Assignment: Reproduce exactly only the lines from the line that holds "病院おもいっきり着替え! vol.04 巨乳 AV動画キャプチャ 107pic 68" to the line that holds "Diese Deko Wand", inclusive, in the listing below, and please leave out every picture.

Data shown:
· · · · ·

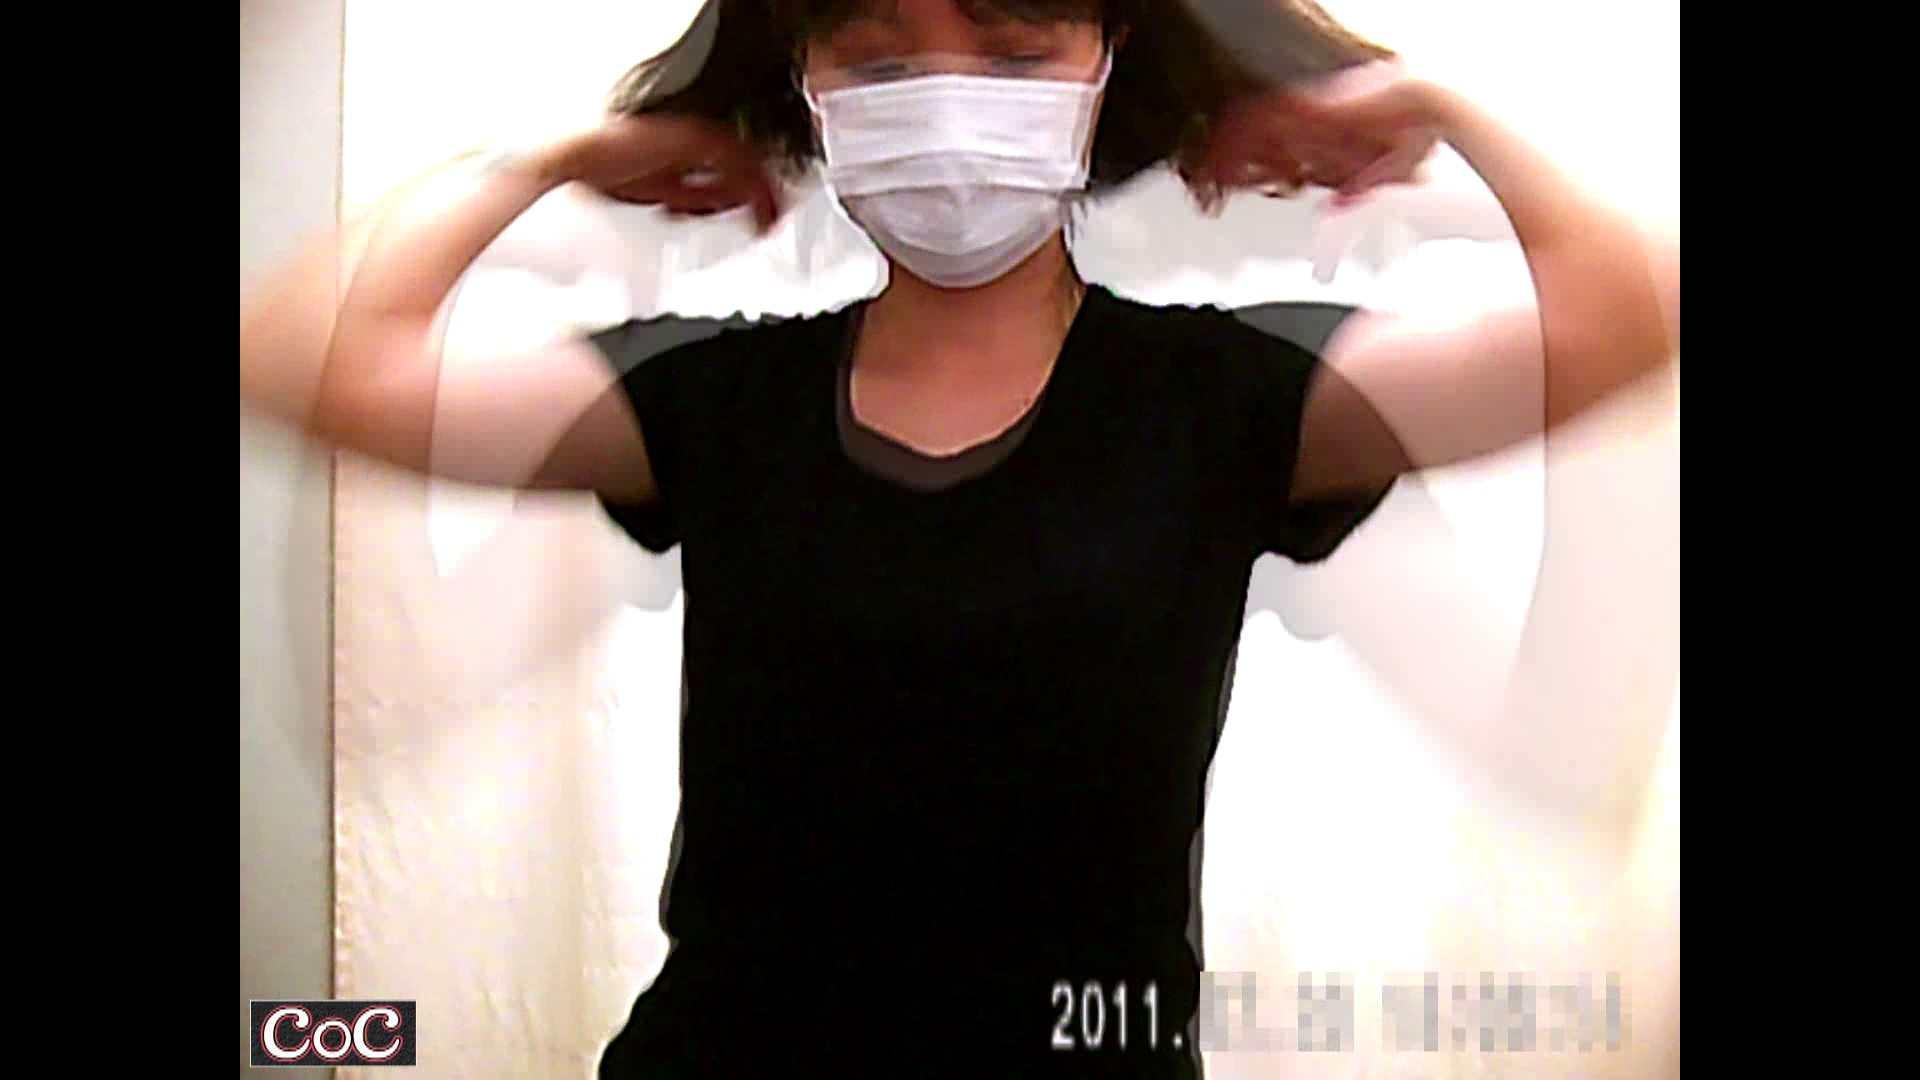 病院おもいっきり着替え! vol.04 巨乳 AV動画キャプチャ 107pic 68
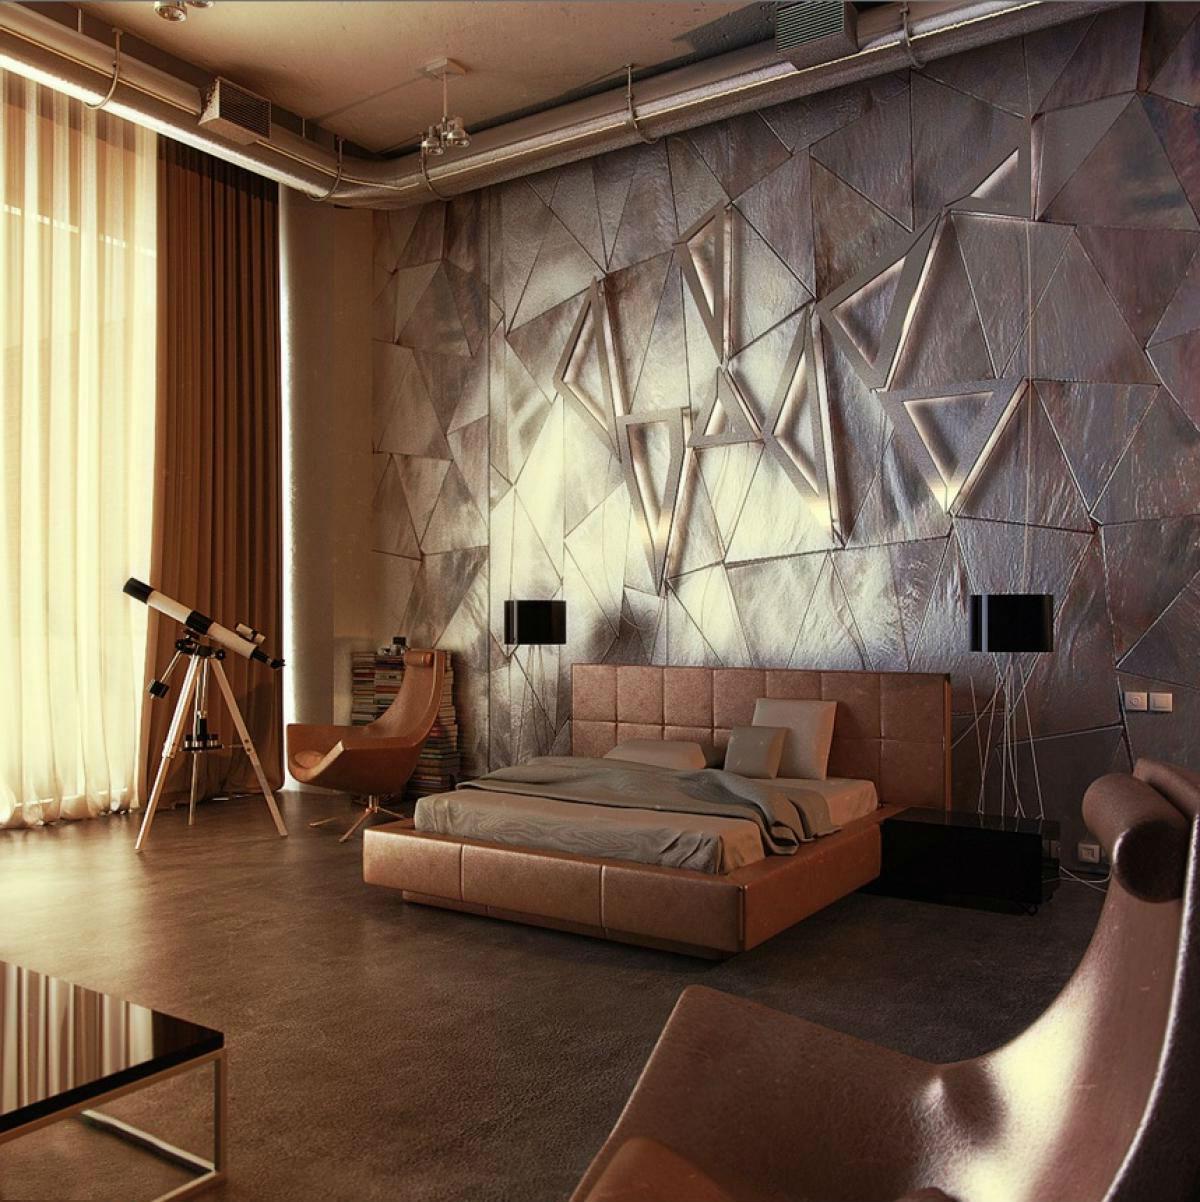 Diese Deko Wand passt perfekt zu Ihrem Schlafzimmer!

· · · · ·

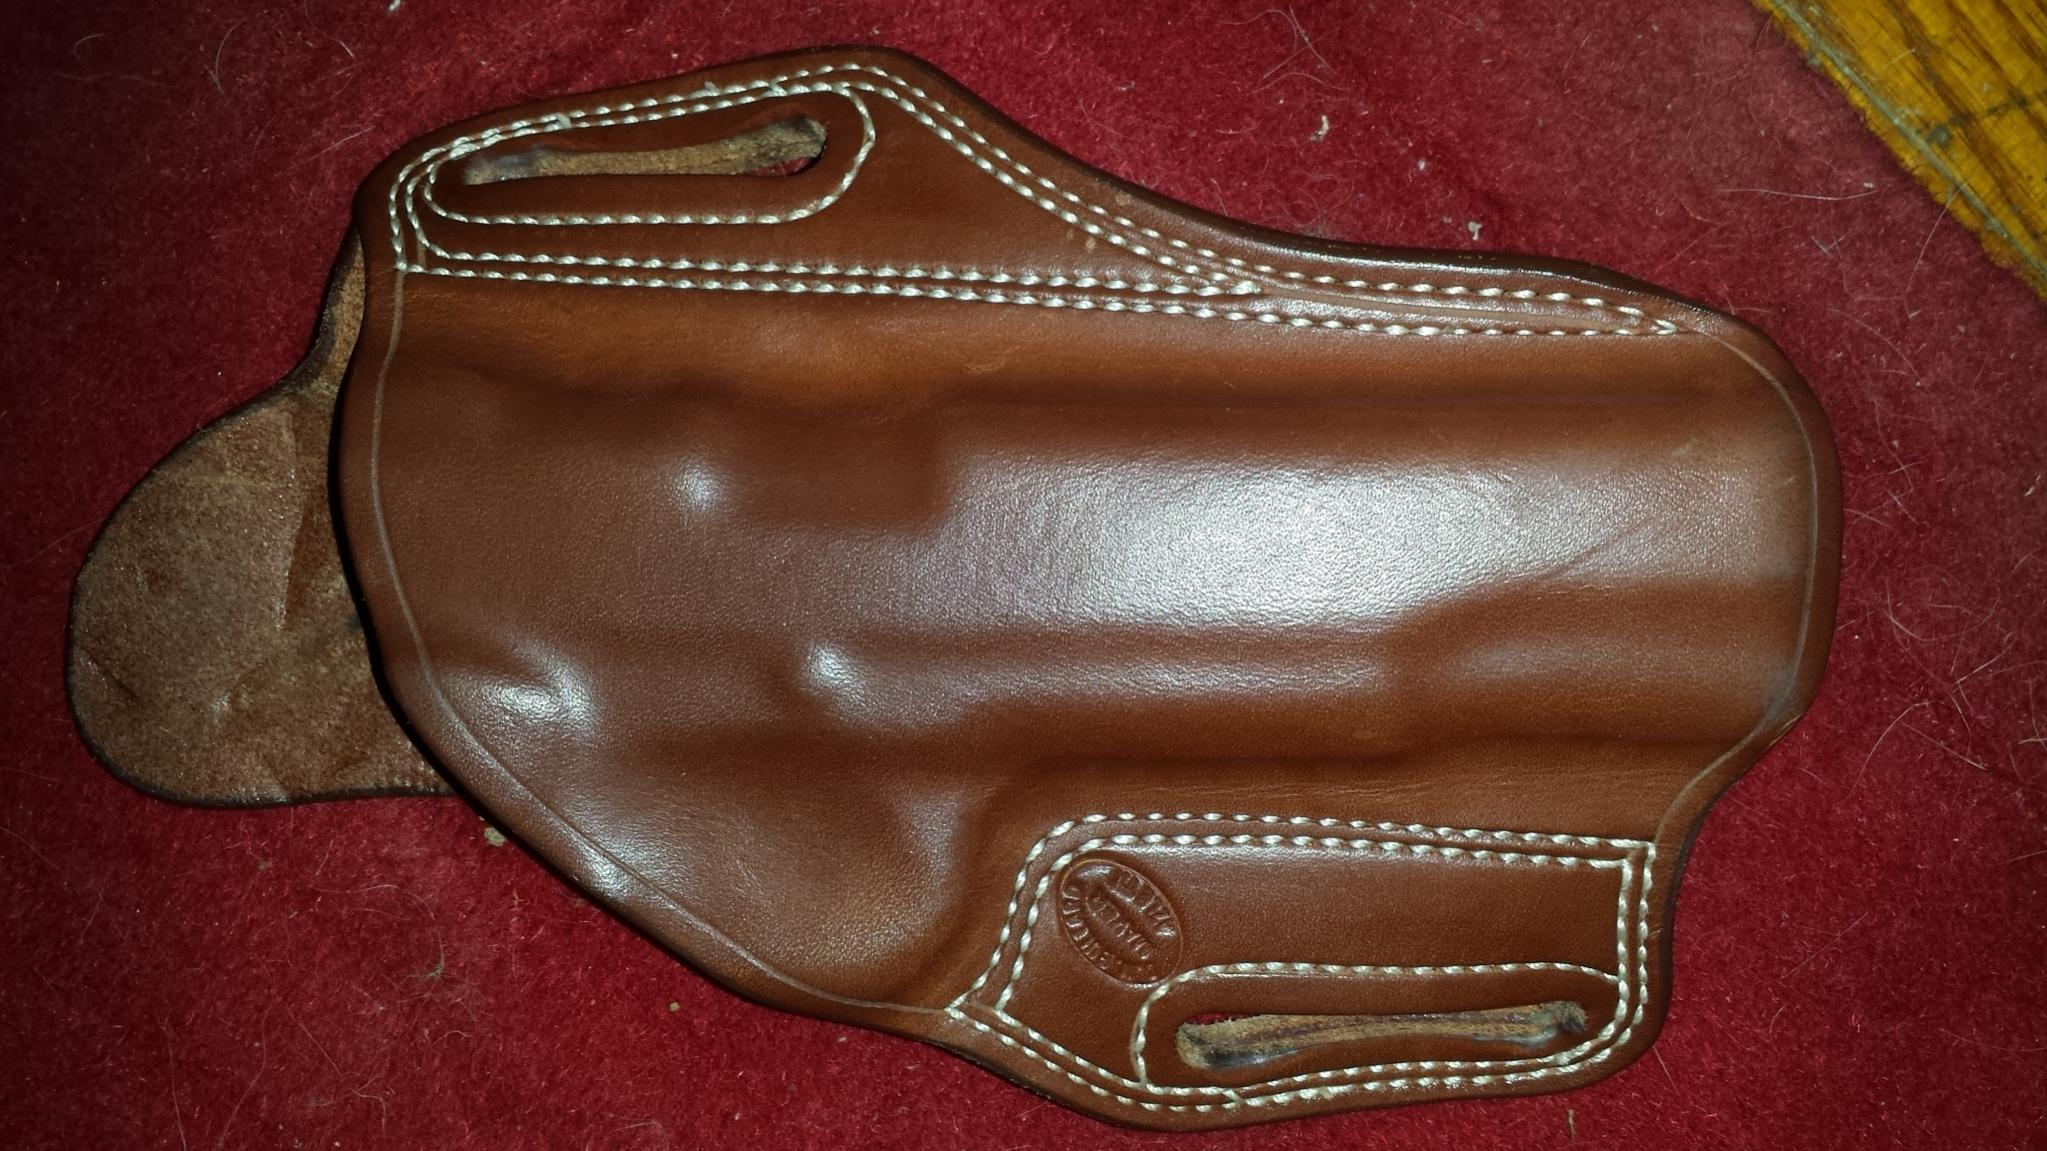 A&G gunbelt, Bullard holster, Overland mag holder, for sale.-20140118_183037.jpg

· · · · ·

Output for this task:
 病院おもいっきり着替え! vol.04 巨乳 AV動画キャプチャ 107pic 68
 Diese Deko Wand passt perfekt zu Ihrem Schlafzimmer!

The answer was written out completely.